Southwestern Energy Company is an independent energy company engaged in natural gas and crude oil exploration, development and production (E&P). We are also focused on creating and capturing additional value through our gas gathering and marketing businesses, which we refer to as Midstream Services. We operate principally in two segments: E&P and Midstream Services.


Our primary business is the exploration for and production of natural gas within the United States with our current operations being principally focused on the development of an unconventional gas reservoir located on the Arkansas side of the Arkoma Basin, which we refer to as the Fayetteville Shale play.  We are also actively engaged in exploration and production activities in Texas, Pennsylvania and, to a lesser extent, in Oklahoma. In 2010, we commenced an exploration program in New Brunswick, Canada, which represents our first operations outside of the United States.


We are focused on providing long-term growth in the net asset value of our business, which we achieve in our E&P business through the drillbit. We derive the vast majority of our operating income and cash flow from the natural gas production of our E&P business and expect this to continue in the future. We expect that growth in our operating income and revenues will primarily depend on natural gas prices and our ability to increase our natural gas production. We expect our natural gas production volumes will continue to increase due to our ongoing development of the Fayetteville Shale play in Arkansas and the Marcellus Shale play in Pennsylvania. The price we expect to receive for our natural gas is a critical factor in the capital investments we make in order to develop our properties and increase our production. In recent years, there has been a significant decline in natural gas prices as evidenced by New York Mercantile Exchange (“NYMEX”) natural gas prices ranging from a high of $13.58 per Mcf in 2008 to a low of $2.51 per Mcf in 2009. Natural gas prices fluctuate due to a variety of factors we cannot control or predict. These factors, which include increased supplies of natural gas due to greater exploration and development activities, weather conditions, political and economic events, and competition from other energy sources, impact supply and demand for natural gas, which in turn determines the sale prices for our production. In addition to the factors identified above, the prices we realize for our production are affected by our hedging activities as well as locational differences in market prices.


Three Months Ended June 30, 2011 Compared with Three Months Ended June 30, 2010


We reported net income attributable to Southwestern Energy of $167.5 million for the three months ended June 30, 2011, or $0.48 per diluted share, compared to net income attributable to Southwestern Energy of $122.1 million, or $0.35 per diluted share, for the comparable period in 2010.

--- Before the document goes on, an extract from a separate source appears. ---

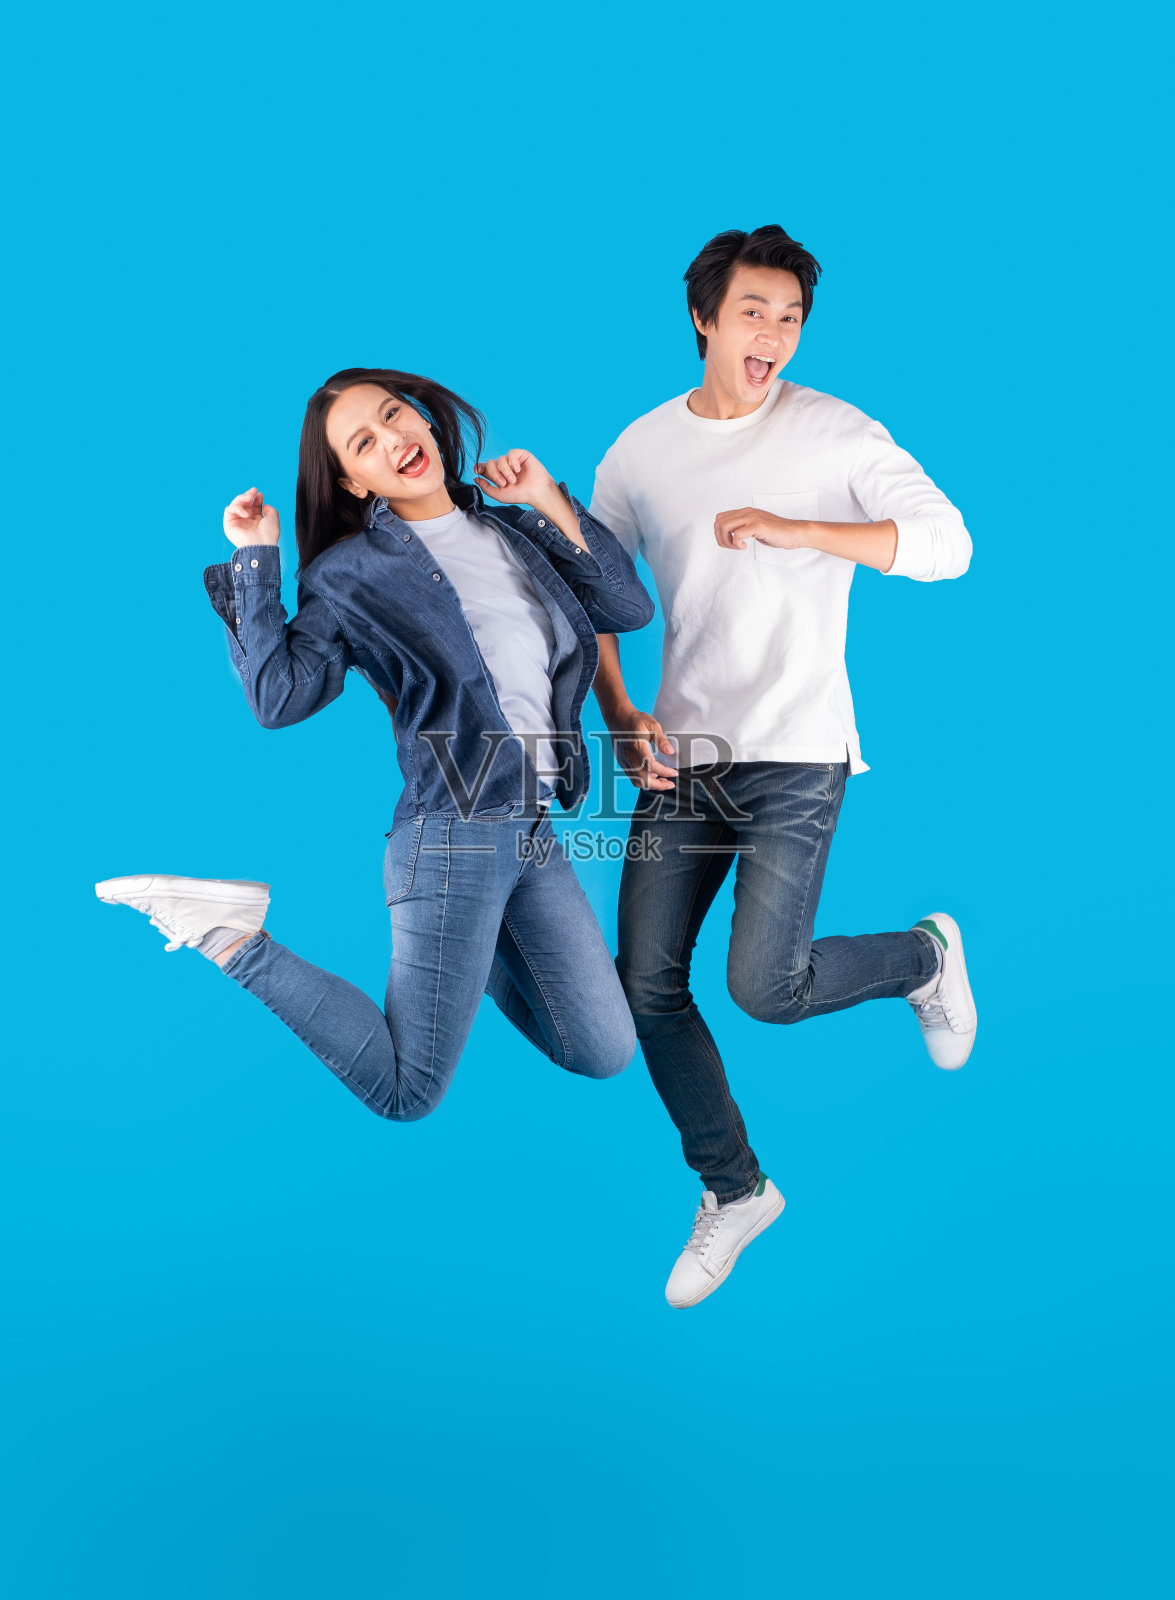 年轻的亚洲夫妇男人和女人跳跃与快乐和有趣的蓝色背景照片摄影图片

Our natural gas and oil production increased to 122.8 Bcfe for the three months ended June 30, 2011, up 25% from the three months ended June 30, 2010. The 24.5 Bcfe increase in our second quarter 2011 production was primarily due to a 23.8 Bcf increase in net production from our Fayetteville Shale play and a 5.1 Bcf increase in net production from our Marcellus Shale properties, which more than offset a combined 4.4 Bcfe decrease in net production from our East Texas and Arkoma Basin properties. The average price realized for our gas production, including the effects of hedges,


 

29




increased slightly to $4.30 per Mcf for the three months ended June 30, 2011 compared to $4.27 per Mcf for the same period in 2010.


Our E&P segment reported operating income of $222.5 million for the three months ended June 30, 2011 compared to operating income of $162.5 million for the same period in 2010. The increase in operating income was due primarily to a $105.1 million increase in revenues due to higher natural gas production volumes and a $4.0 million increase in revenues due to higher realized prices on our natural gas production, partially offset by a $47.9 million increase in our operating costs and expenses associated with the natural gas production increase.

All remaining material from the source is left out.